Hosted by The Broke and the Bookish
1.Not Being Able to DNF – I’ve only DNFed two books in total. There have been others I’ve read a few pages of and never picked back up, so I only count books that I make to page 20 as books I’ve truly started. After page 20 I’m in it for the long haul, even if I loathe every single word of it. It’s tiring but it truly bothers me to leave them unfinished.
2.My Annual Fall/Winter Book Slump – It’s not a habit I’ve consciously decided upon, it just happens. As soon as the weather turns cooler and the rain starts I stop reading. The weather makes me miserable and since I suffer from depression I find it hard to do anything other than exist until the warmer weather returns, so reading becomes a chore.
3. Avoiding Book Recommendations – I do this with all recommendations. If you suggest I should watch a tv show, you can count on me not watching it anytime soon. Same goes for movies, comic books, video games, and books. I don’t know why I do it, but as soon as someone recommends me something I immediately lose all interest.
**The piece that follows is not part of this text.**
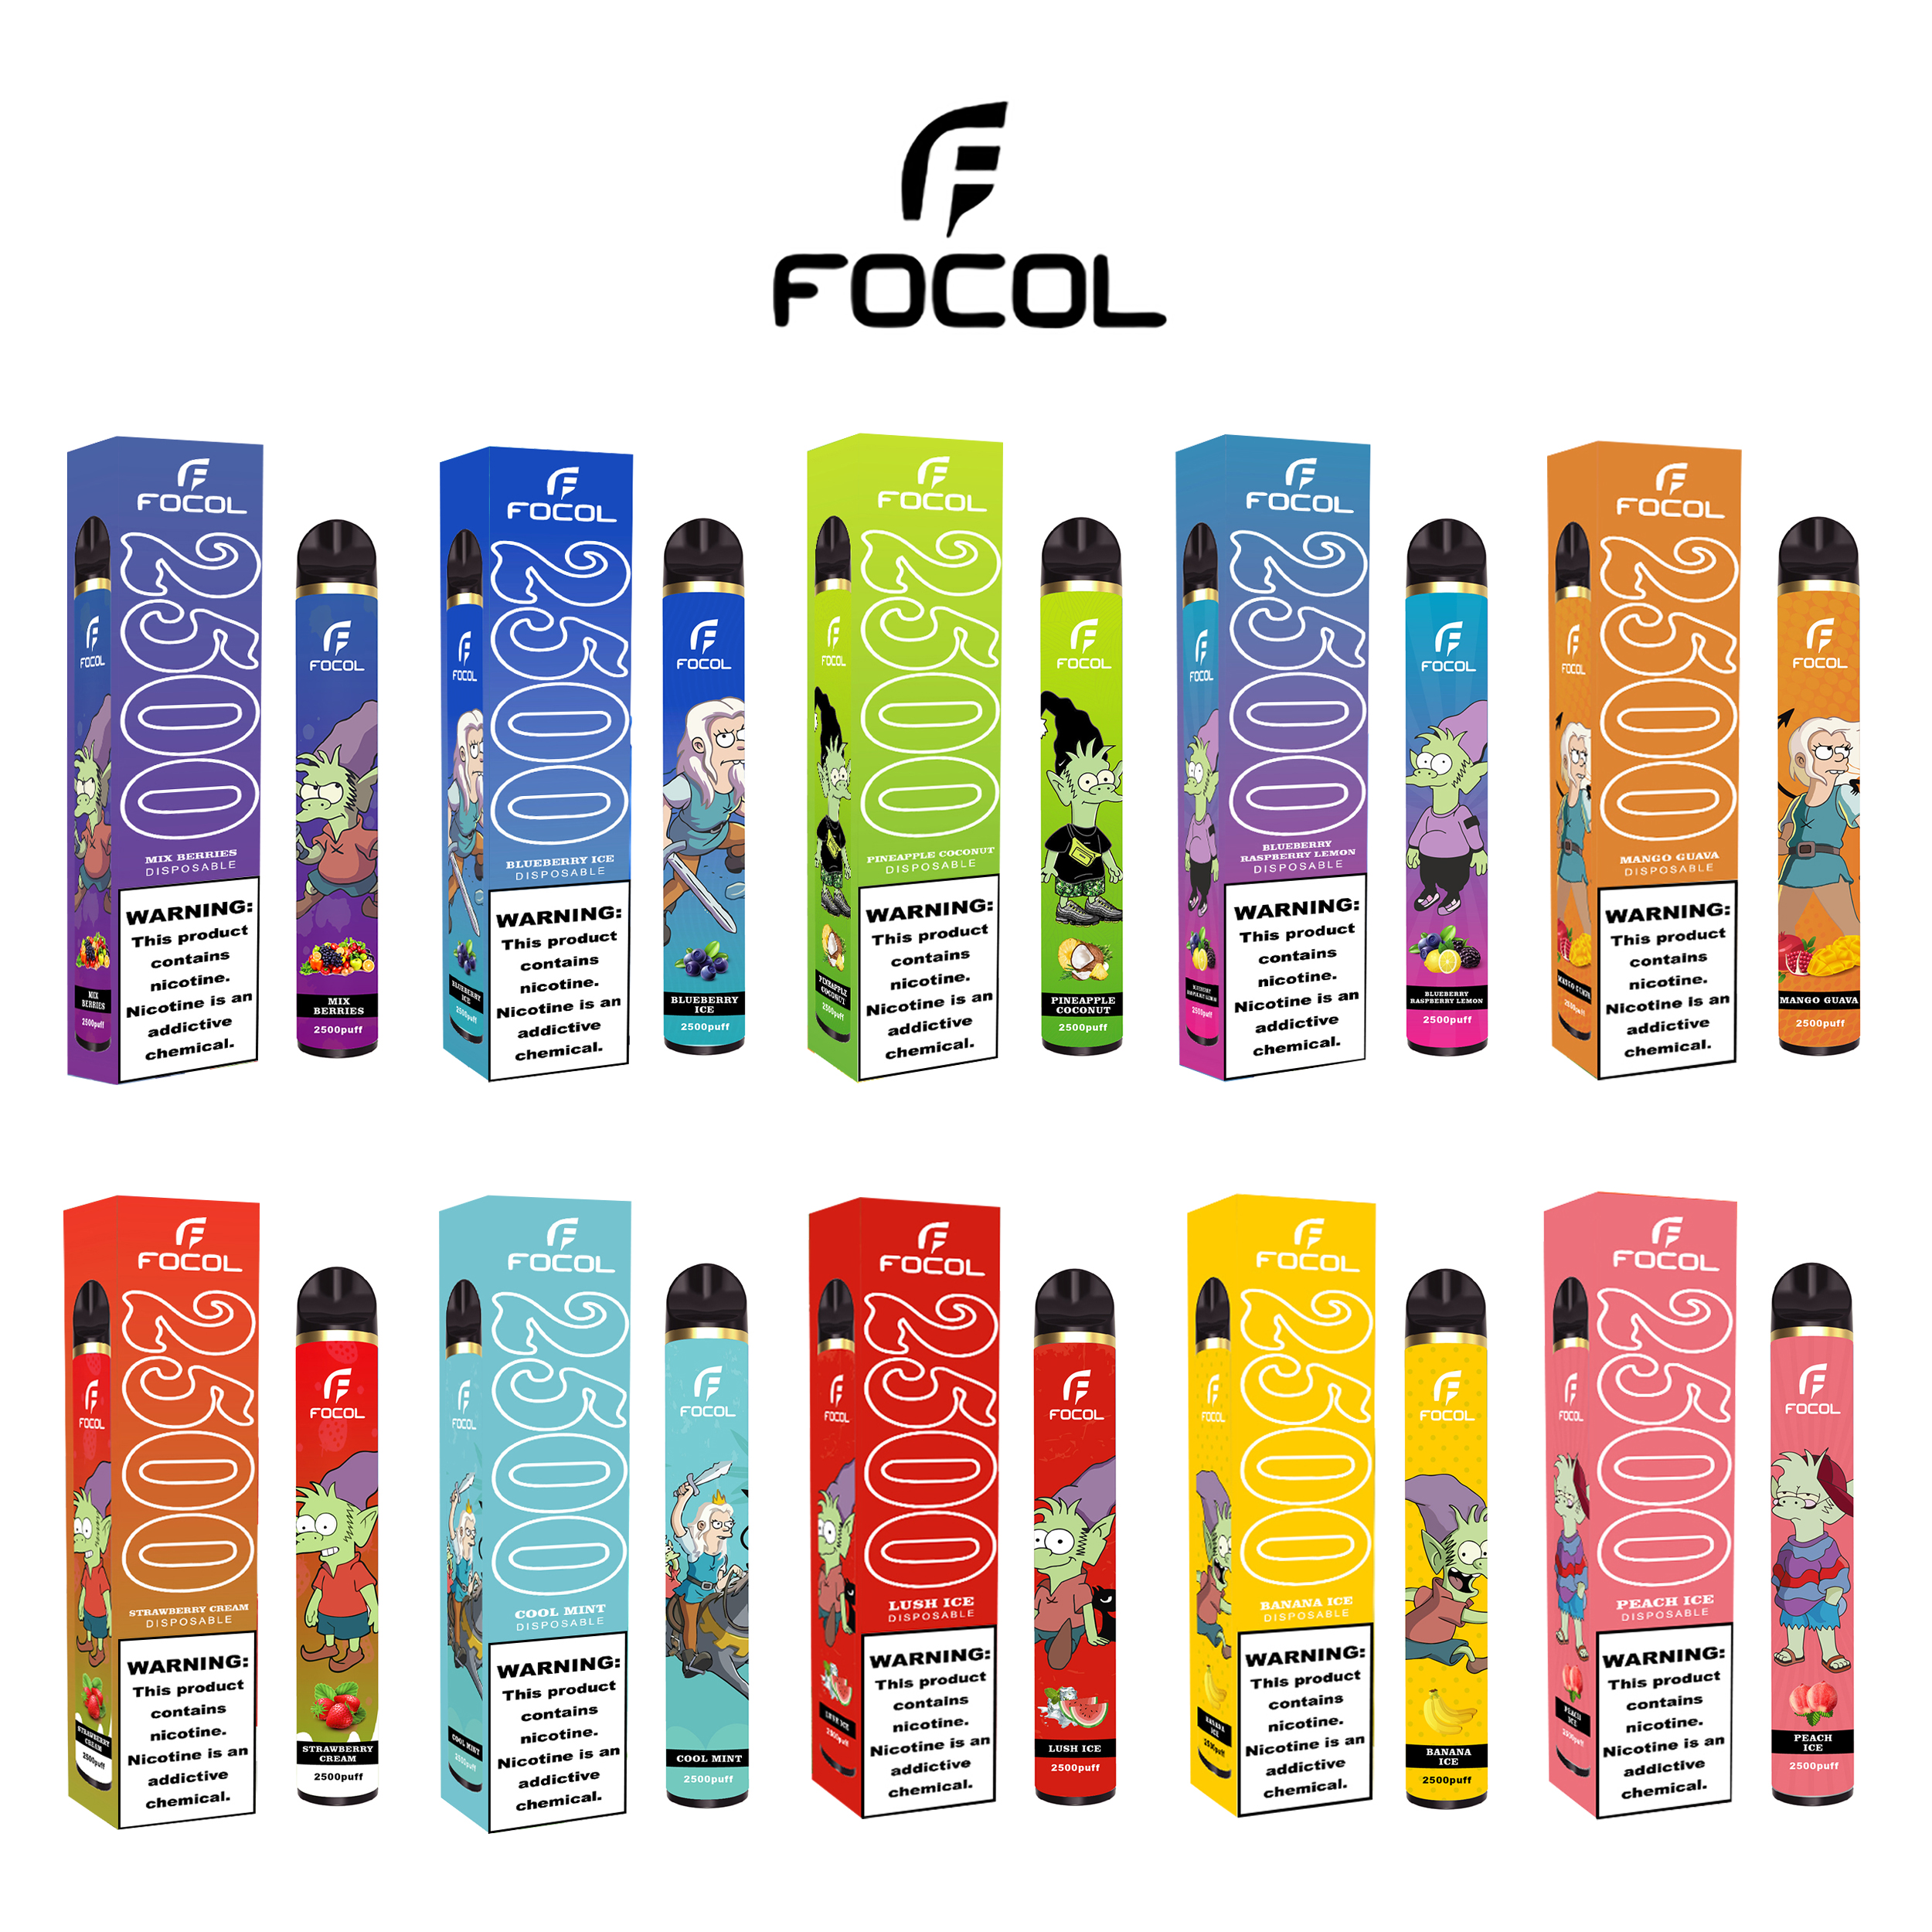 FOCOL STICK Nicotine Disposable Vape 2500 Puffs

4. Internal Book Snobbery – I would never shame another person for reading what they enjoy, out-loud. My mind goes there quicker than most people can blink though. I hate that it always pops up when a book that is poorly written though entertaining is praised in my presence. I do think reading takes all kinds and it should be celebrated, I encourage people to read whatever they like with no judgment. It’s part of my job, and I make sure people know that when they look for a book. But oh how my mind betrays me. Every time I hear something like “Oh I LOVED Twilight, it’s my favorite book!” or “Hush, Hush was SUCH a great book. I loved the writing” part of my soul shrivels up and dies. My mind will then proceed to list all the books better suited for consumption, while my mouth smiles and tells them other books I know they would actually like. I want that little snob gone.
5. Starting Too Many Books at Once – Watch out for a bored or an apathetic Michelle because she’ll waste more time starting new books trying to match her mood, than she will actually reading the ones already on her nightstand. I do this all the time. It’s why I’m so adept at reading 5 or 6 books at once. It also makes me restless and anxious and it’s generally not good for my mood. I have about 6 started right now.
6. Constantly Checking Page Numbers or Time Left – I do this without meaning too. I’ll be enjoying myself and then suddenly I’m finding myself counting pages until the next chapter break, or tapping the bottom of my kindle screen to see how much time I have left in the book.
7. Mood Reading – This is an odd one to include, but I really hate that I can’t pick up any book I want to and be able to enjoy it. I have to be in the proper mood or I’ll end up loathing every moment of it even if it is a good book. It really slows my reading down as well. I could probably get through at least 30 more books a year if I didn’t have to spend so much time trying out books only to find out it’s not a good fit for the moment.
8. Interruptions = Super Crabby Michelle – Part of me doesn’t see this as a horrible thing. I mean no one wants to be interrupted when they are really into something, especially if it’s for something super pointless. However I do tend to snap at people or basically treat them like I’ve just seen them kick a puppy when they interrupt me reading for nothing important.
9. Having to Stop on a Chapter Break – I don’t like to stop reading at any other point in a book except on the start of a new chapter. It bothers me and I’m sure the people who interrupt me hate the fact that I ignore them for a few more pages while I get to the next chapter.
10. Avoiding the Last Book in a Series – This isn’t something I do on purpose…but it’s definitely a habit of mine. I have so many series where I only have one book left to get to and I just never do. I own it, I try to read it…and for some reason I just don’t do it. I either get really antsy or my mind tells me it’s bored, despite the fact that I’ve been looking forward to it for ages.